Emotional Regulation; Responding Rather Than Reacting
Emotional regulation is one of the most important skills for high-risk teens, as it helps them understand and manage intense emotions that might otherwise feel overwhelming. It's common for teens to struggle with recognizing their feelings, and even more challenging for them to react to those emotions in a constructive manner. Helping teens with emotional regulation allows them to identify and name their feelings more effectively, while also giving them tools to manage their reactions.
At the core of emotional regulation is the ability to slow down and create space between feeling and action. Instead of slamming the door or yelling, a teen who feels angry after an argument with a parent could learn to pause, figure out what's making them angry, and then choose a less measured response, like going for a walk to calm down.
Parents play a critical role in helping their teens practice emotional regulation by modeling calmness and offering constructive feedback during emotional episodes. By guiding teens to identify their feelings and motivating them to try out various coping techniques, parents can foster emotional understanding and self-control in their kids.

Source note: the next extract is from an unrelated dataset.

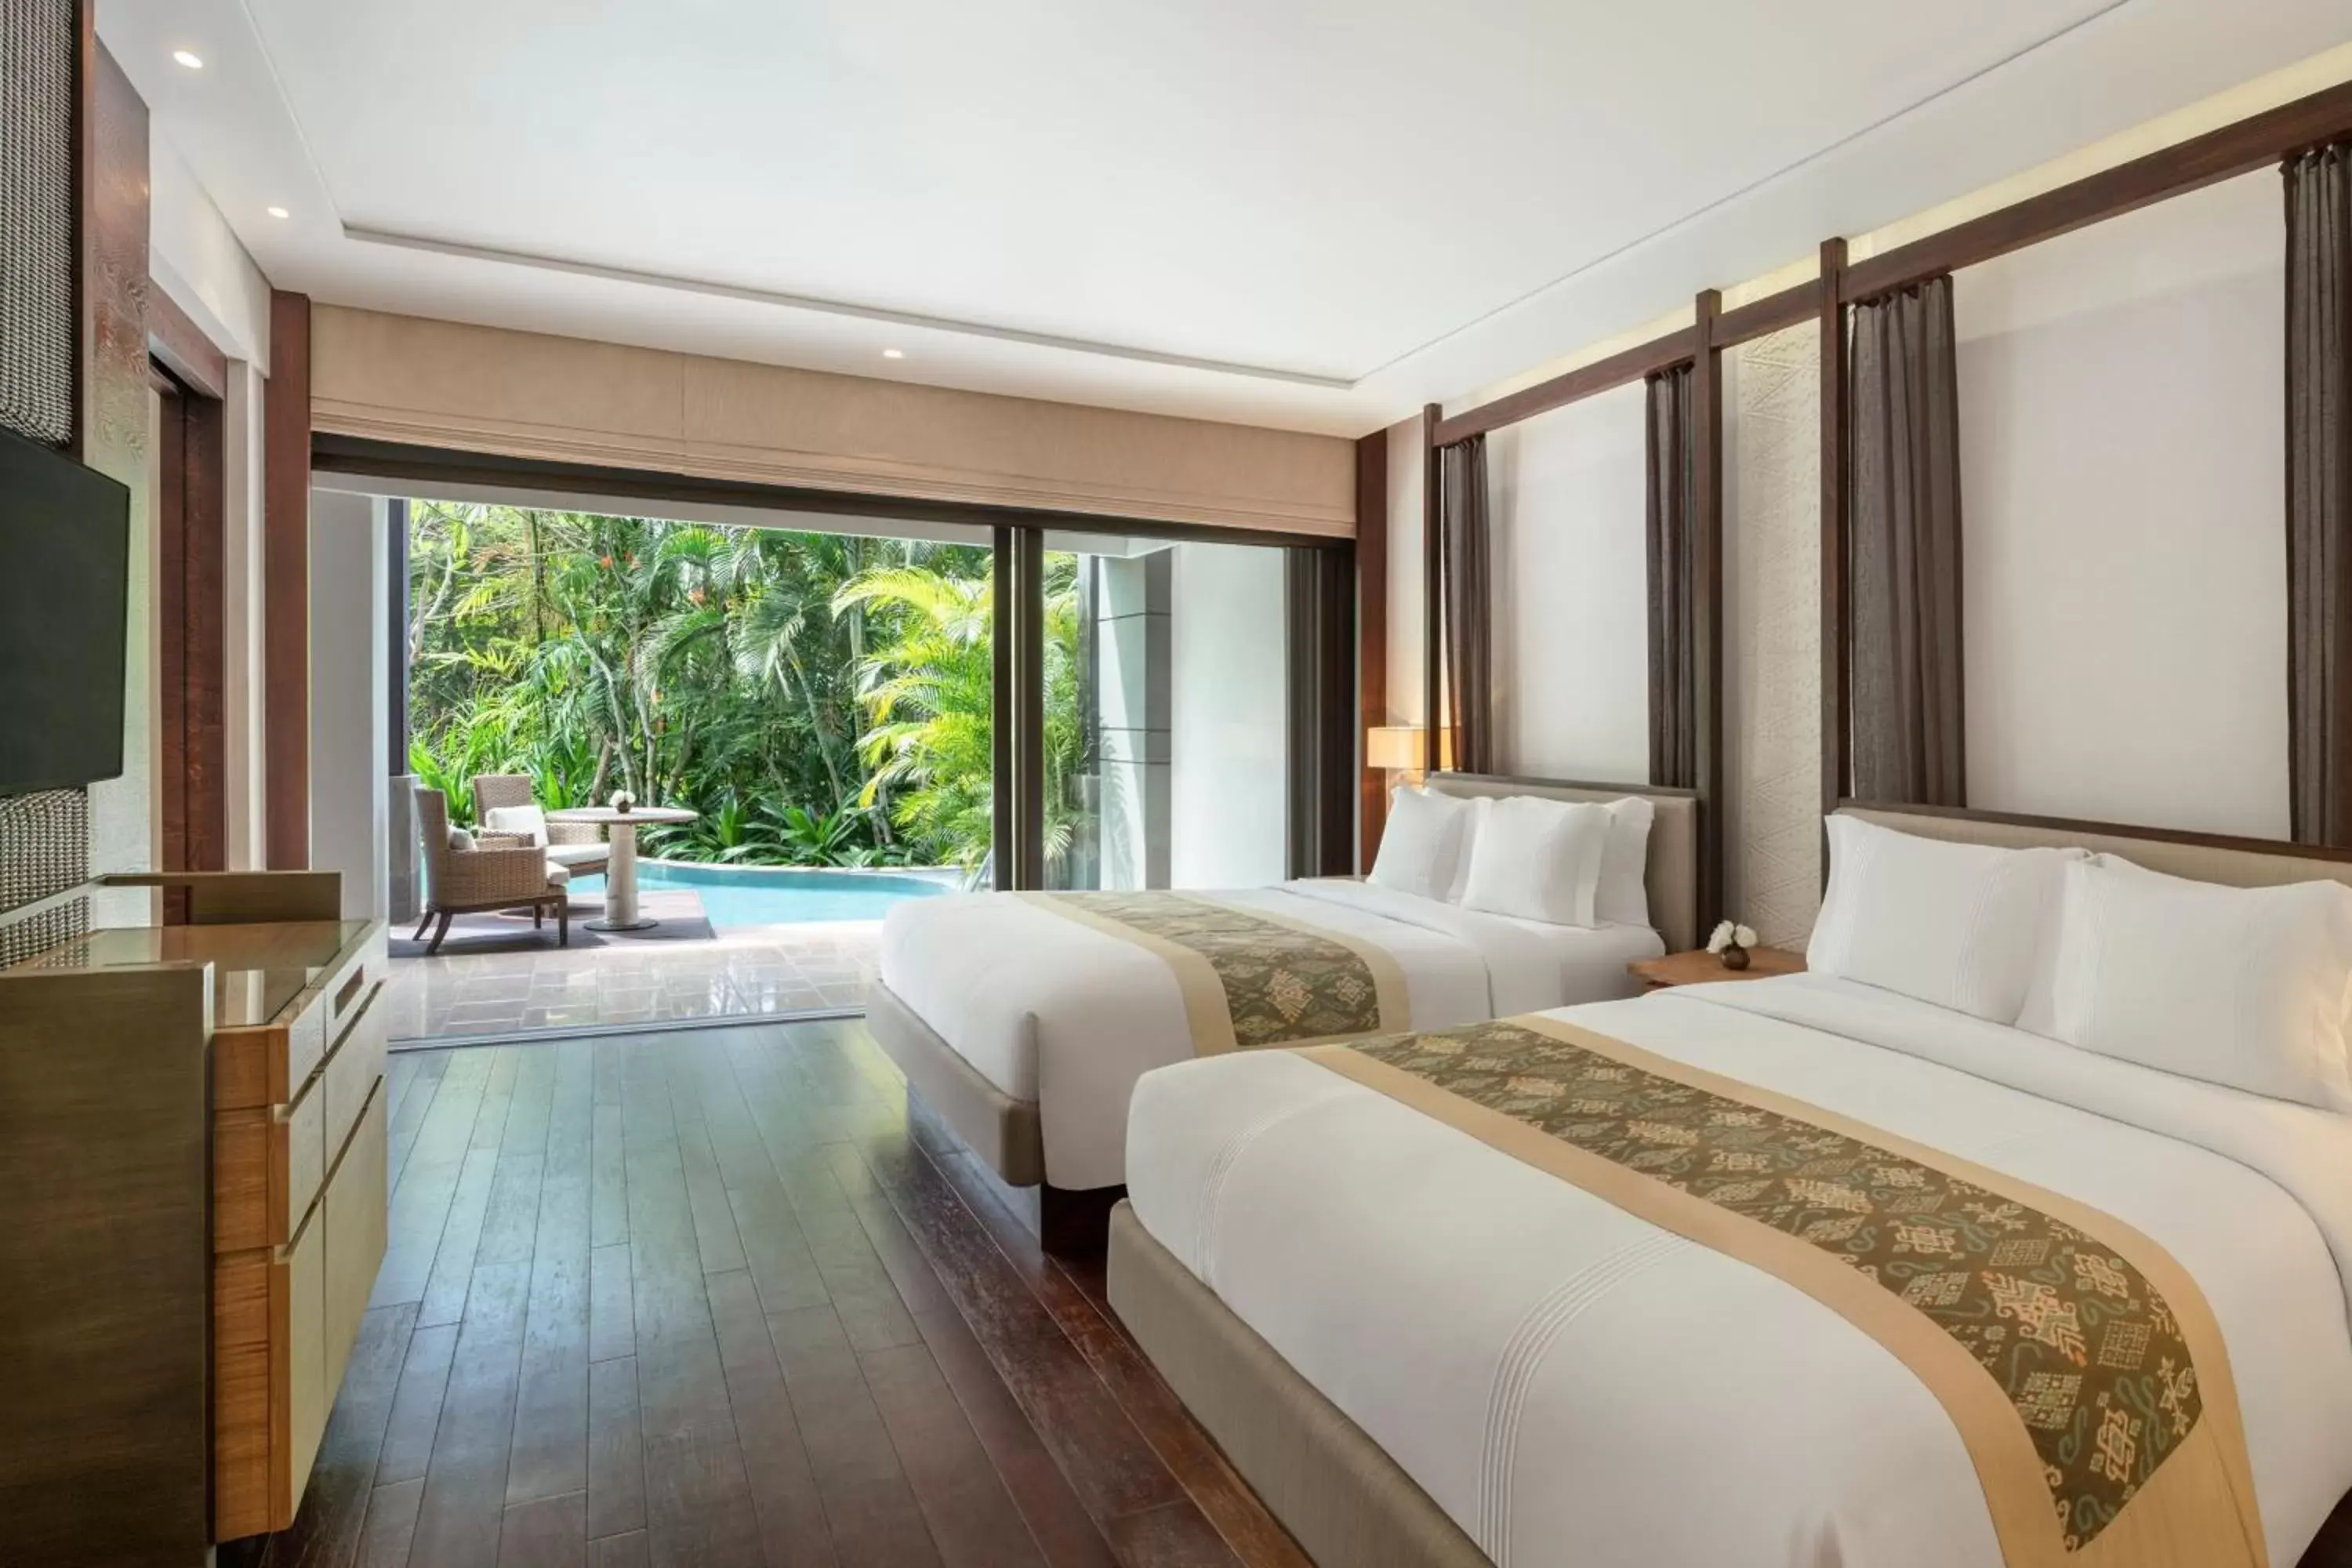 Swimming pool, Bed in The Ritz-Carlton Bali

Final Thoughts; Partnering with Your Teen in DBT
As parents, grasping the essential DBT skills of mindfulness, distress tolerance, interpersonal effectiveness, and emotional regulation allows you to offer the support and encouragement your teen requires while they strive for healthier methods of managing their emotions and relationships. DBT equips teens with essential tools to tackle challenges with confidence and resilience. Together, we can help them establish a strong foundation of emotional well-being that will benefit them for a lifetime.